Prevalence of malaria infection in Butajira area, south-central Ethiopia

This study was conducted in six kebeles (the smallest administrative units) located about 130 km south of Addis Ababa in the Meskan and Mareko districts of the Gurage Zone in Ethiopia (Figure 1), which is designated as the Butajira area. These six kebeles are the location of the Demographic Surveillance Site (DSS) of the Butajira Rural Health Program (BRHP) [15].

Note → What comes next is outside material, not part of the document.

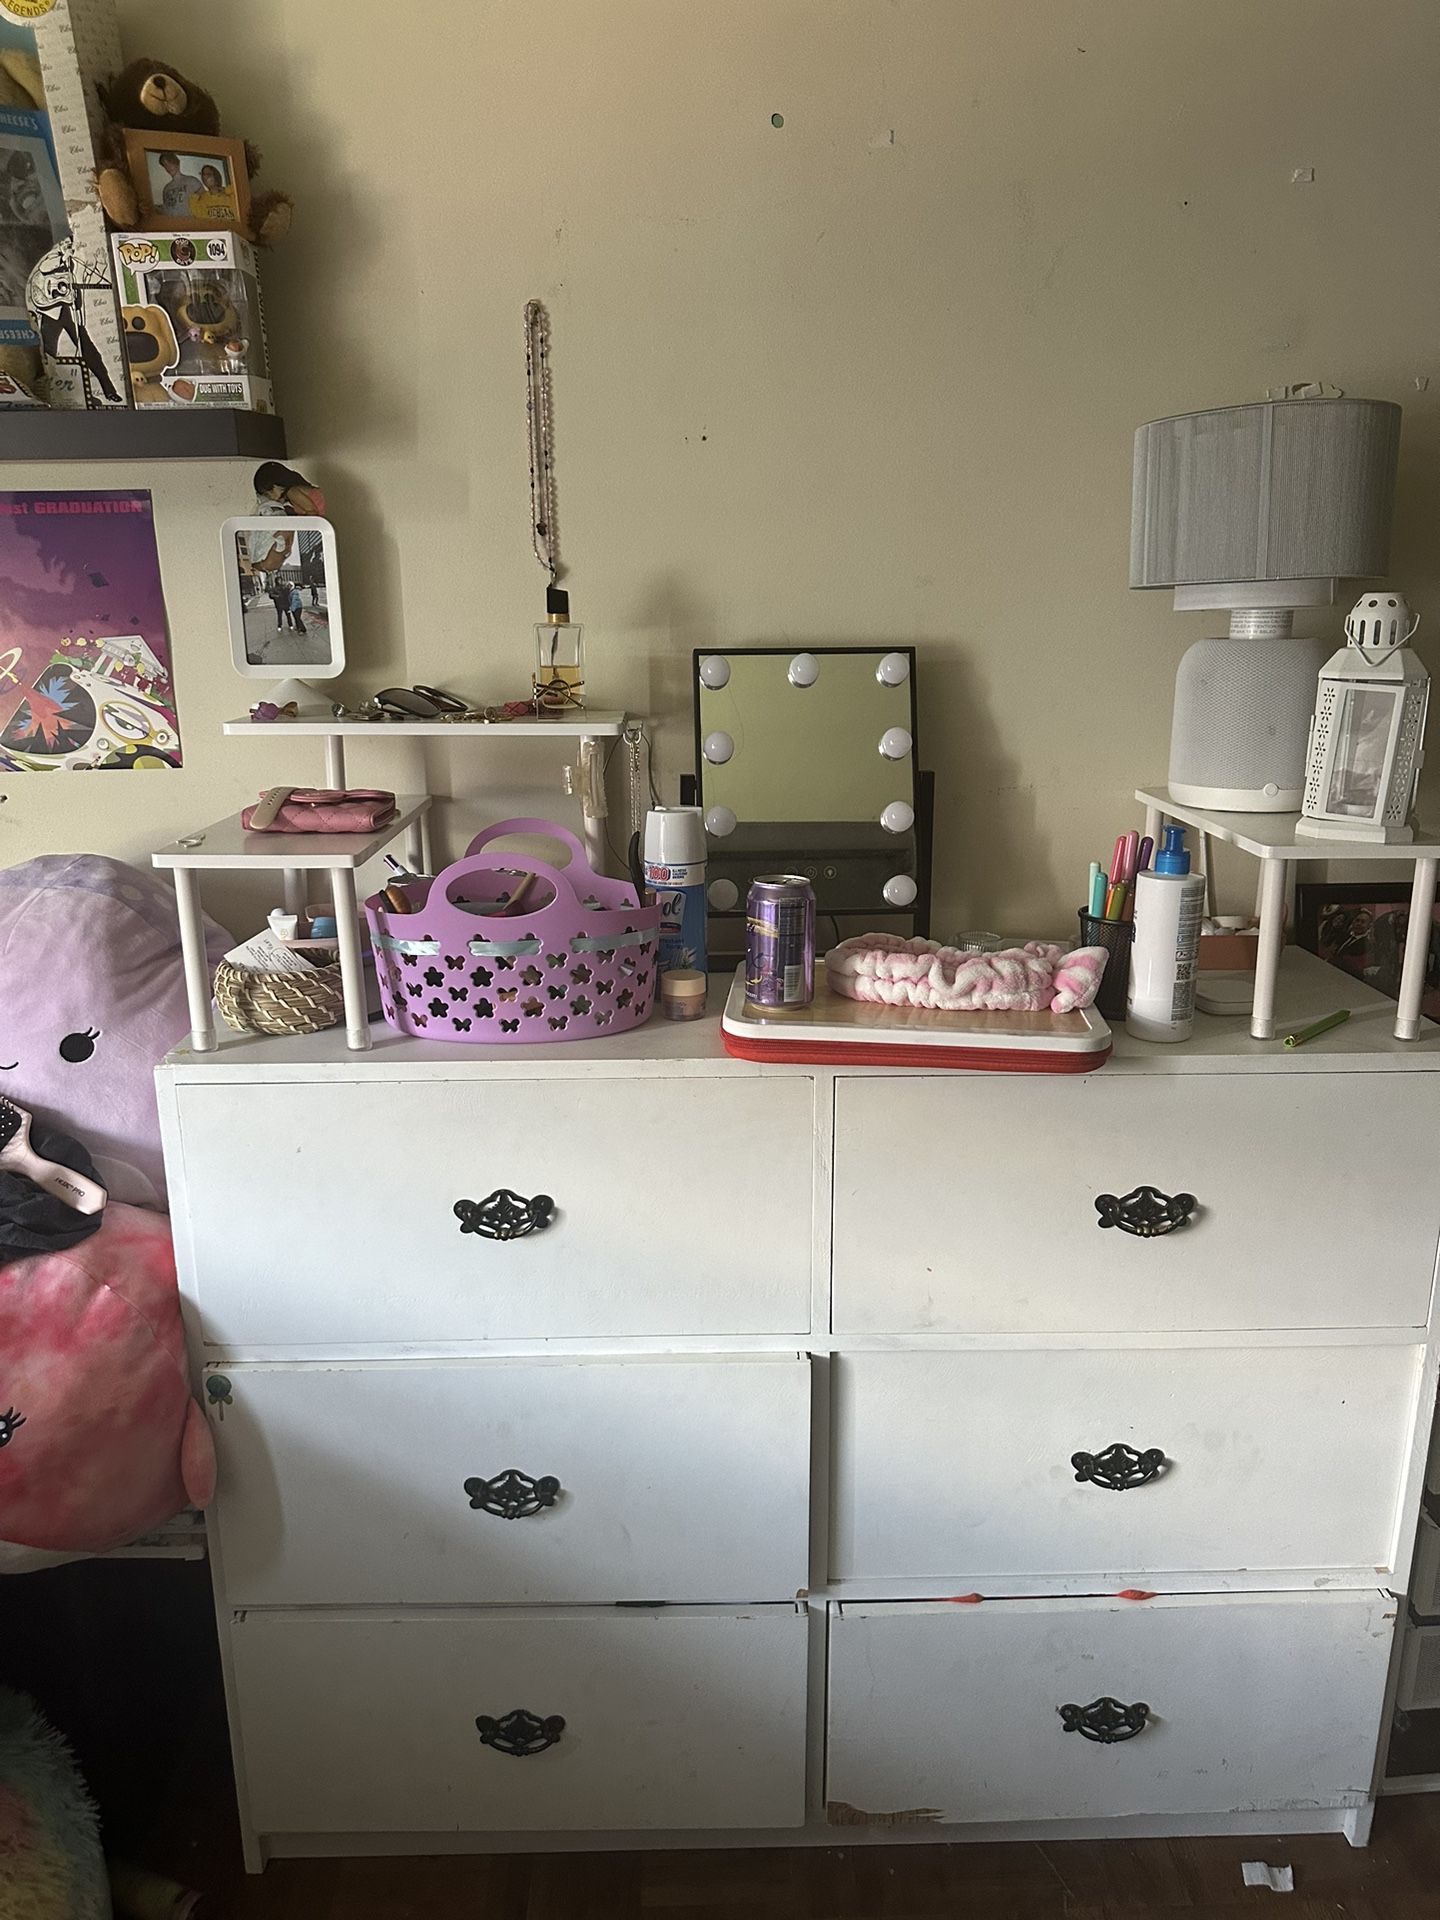 6 Drawer Cabinet / Dresser
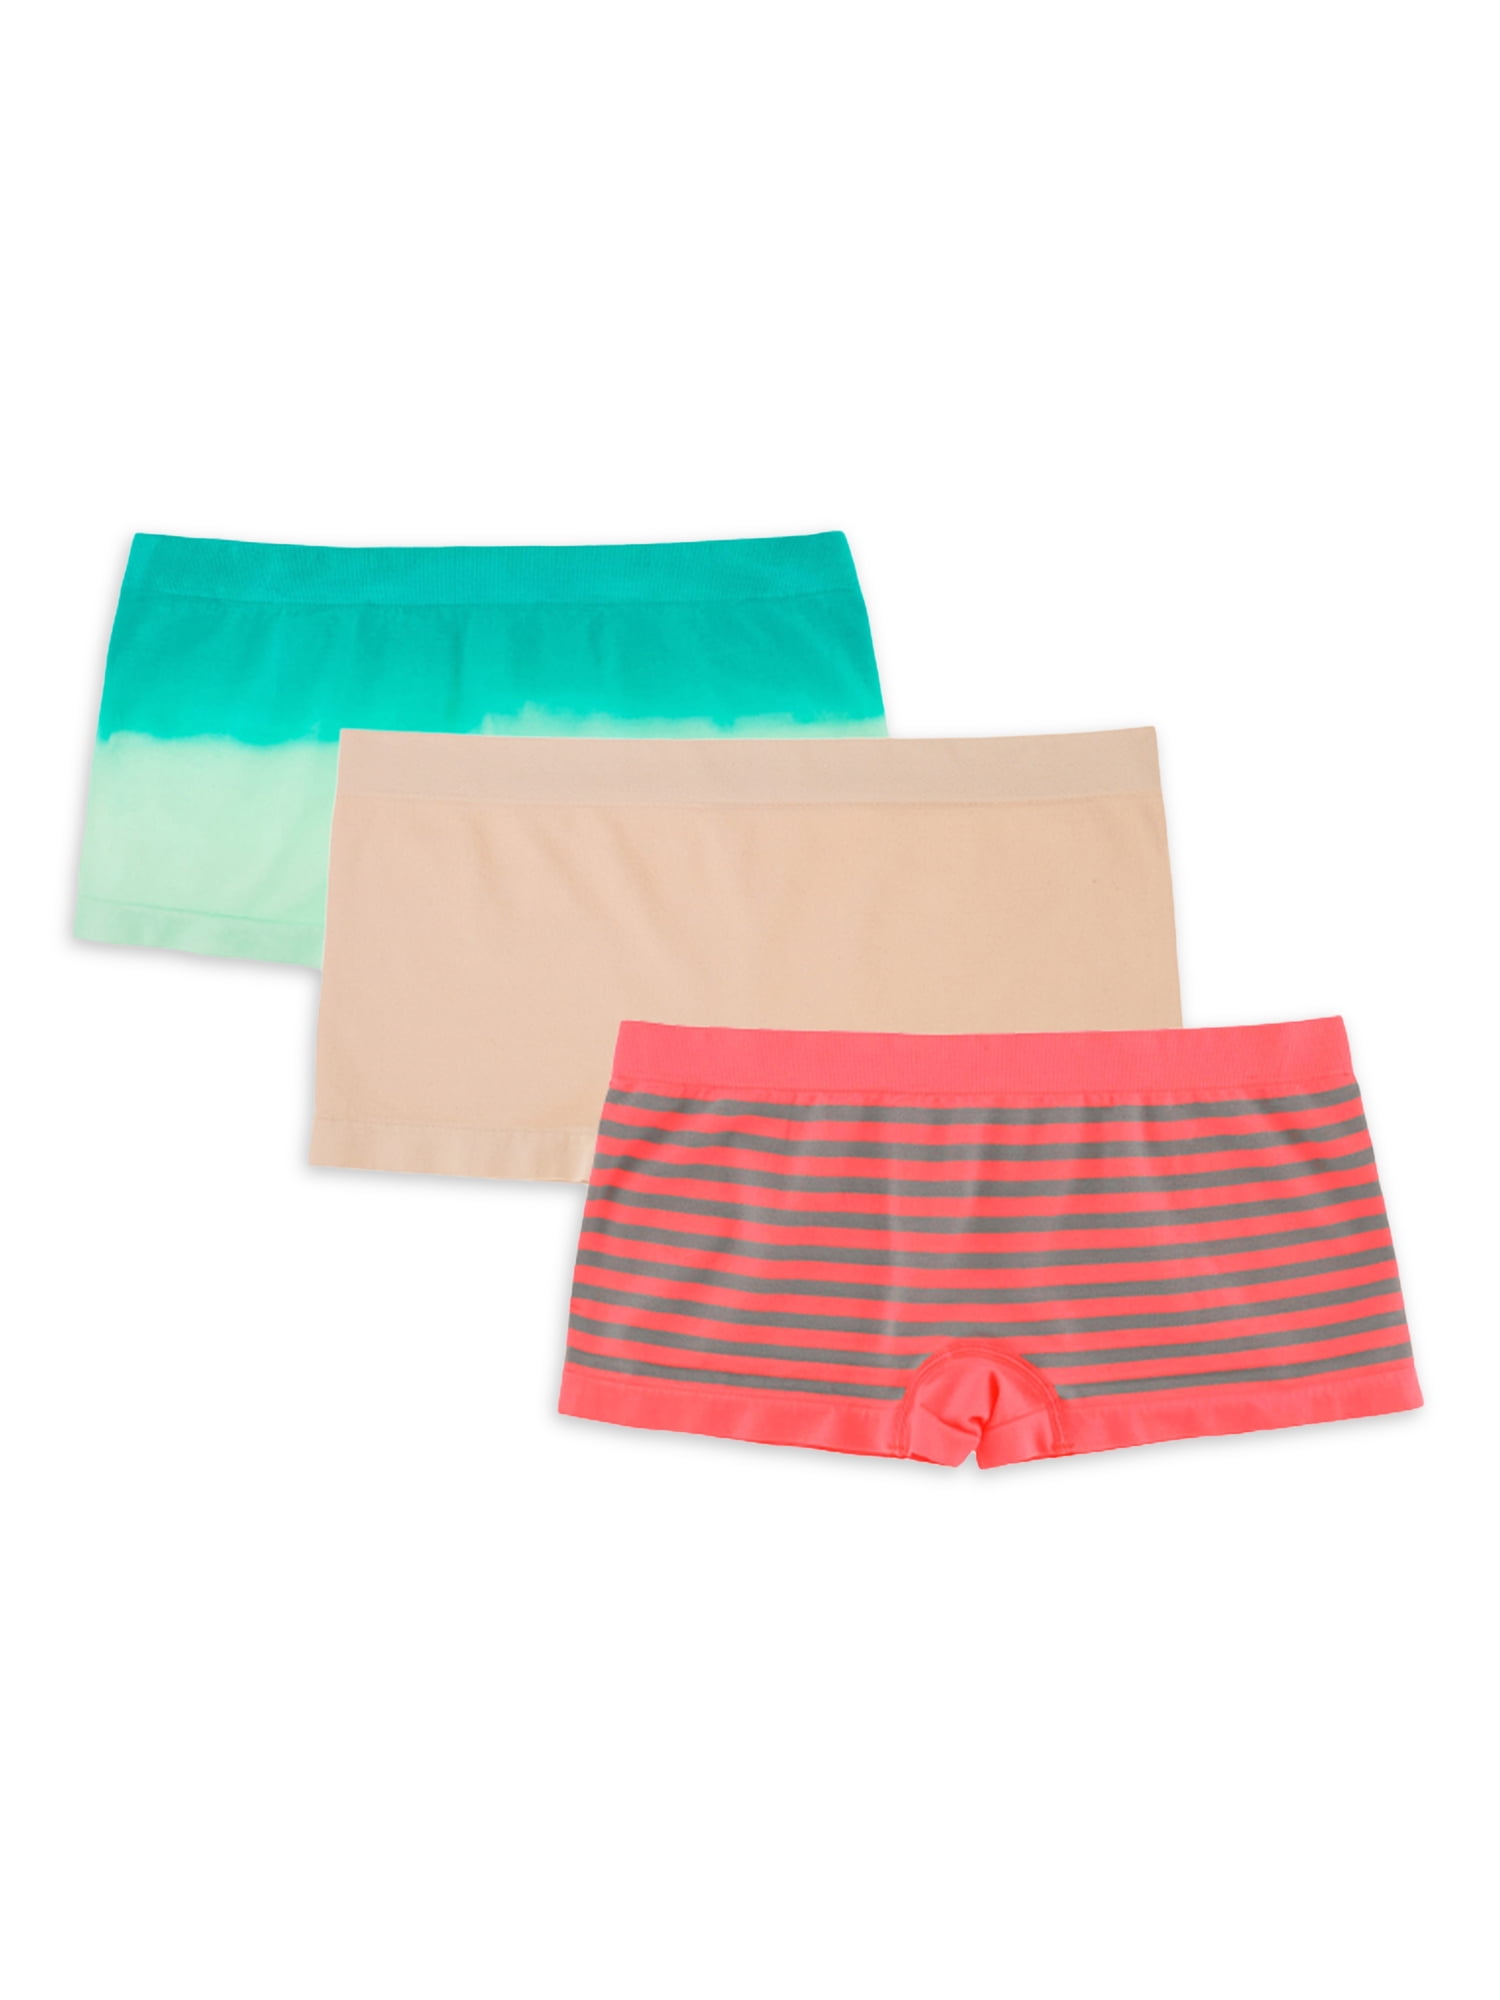 Boyshort/Bikini Women Seamless Stretch Panty 12pcs Set

There were 58,335 people living in the BRHP DSS in 2008. Half (50.1%, n = 29,243) of the population were female. Of the total population, 46% lived in the study area. The study area is part of an altitudinal transect between 1,800 and 2,300 masl. The mean annual rainfall in the study area during the last nine years was 945 mm (yearly range 510 mm to 1,329 mm). However, annual rainfall was below average in 2009 and 2010. The main rainy season usually occurs from June to September. The mean temperature was 18.2°C, with average annual minimum and maximum temperatures of 10.0°C and 26.3°C, respectively.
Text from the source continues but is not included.